I’ve asked others. They usually claim an altruistic reason like “not being greedy.” I call shenanigans!

So, why then was there only one cookie left with? On some level (conscious or not), the others considered the possibility that there is something wrong with this cookie, given that it is still there after all this time. Let’s face it: of all the cookies to have been eaten already, this one was not chosen 20 times. It is also guaranteed to have been sitting there the longest possible time of all the cookies.

One more motivation: nobody wants to clean up the cookie tray. Taking that last cookie leads to some sense of responsibility for cleaning up the mess.

Now you can sleep at night, understanding why it seems there’s always one last cookie sitting on a plate at the office.


The Fallacy of Entrepreneurship’s Expected Value

There are plenty of popular entrepreneurship motivational bloggers who preach along the lines of “just do it.” Some even attempt to mathematically show the rational move is to initiate your startup. At the core of one  popular analysis is a false premise that leads people into deciding that they should “go for it” despite their intuition.

The following is from the popular poker entrepreneur Billy Murphy:

“So, if I was trying to decide whether I should work a job or start a business, could I use EV to help me?”

Absolutely— it’s a perfect spot to use EV.

Here’s how his expected value analysis would apply to deciding whether to start a business:

  1. You can choose to “work for the man” or build your own business
  2. You can calculate your expected earnings (the sum of all potential earnings outcomes times probability of each outcome) as an entrepreneur, and compare this to your known earnings as an employee
  3. If your expected earnings as an entrepreneur are significantly greater in entrepreneurship, then you should go for it

Let’s overlook the success bias that entrepreneurs in general will have in assigning a probability to their chances of success, and assume that the entrepreneur is conservative in his estimates. The problem I want to point out is that of the marginal utility of wealth.

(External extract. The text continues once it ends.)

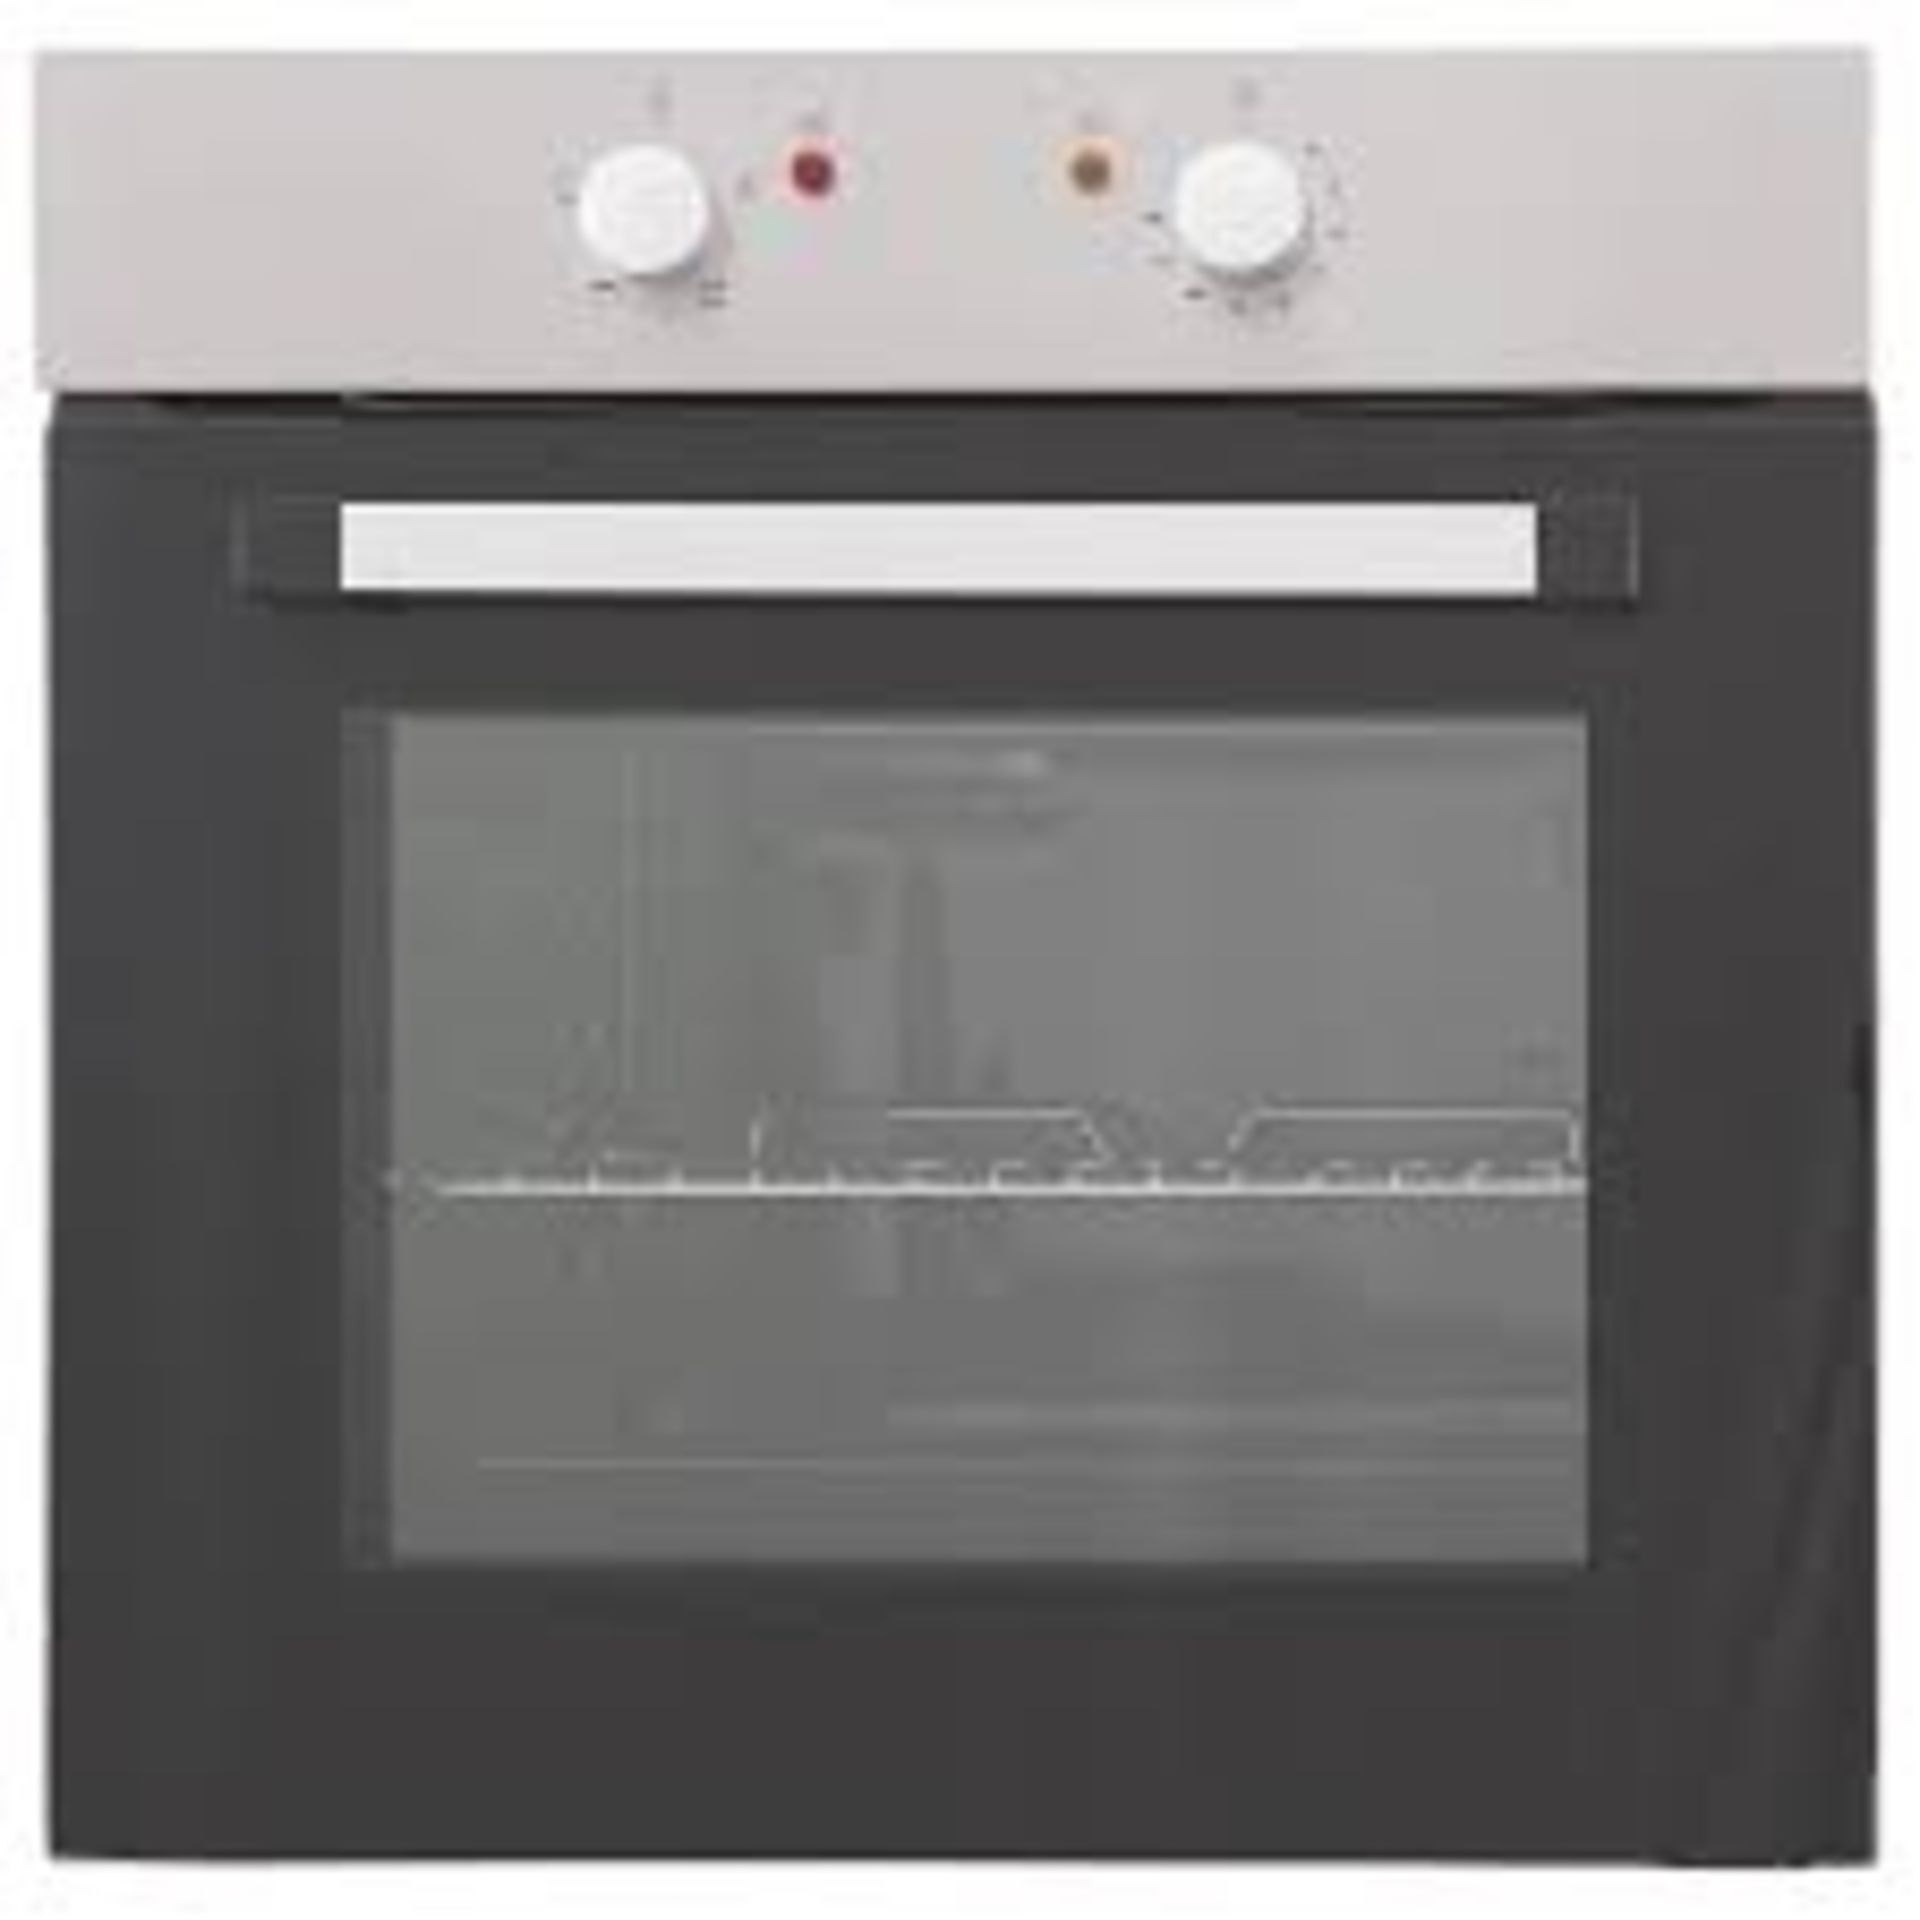 Cooke & Lewis Built- In Single Electric Oven Stainless Steel. - ER48

Consider that the incremental value of any dollar amount you receive will decrease each time your account increases by that amount: e.g. your first $50,000 matters a lot more to your well-being and happiness than does the next $50,000. This is known as the diminishing marginal utility of wealth.

In the probability analysis, this is not accounted for. The reason your intuition tells you not to start a business is the same reason that people play it safe and “work for the man.” They have a correct gut feeling that the $50,000 / year guaranteed salary provides greater expected utility to them than entrepreneurship. Going broke in entrepreneurship means losing out on the first $50,000 (having $0 – or worse, $0 and debt). Such a great amount of the expected utility of wealth is front-loaded into that. Your quality of life would probably decline much more in this case ($50,000 to $0) than it would from the effects of going from a $100,000 salary to a $50,000 salary.

Mr. Murphy’s expected value calculations are great in situations like poker games because many games are played over the course of life and you, the exceptional poker player, always come out ahead by playing the greater expected value (assuming you are wise enough never to risk everything in one hand, where you can lose everything). In the game of life, we have to consider the expected utility, not the expected value. And the expected utility of entrepreneurship is very low for most people.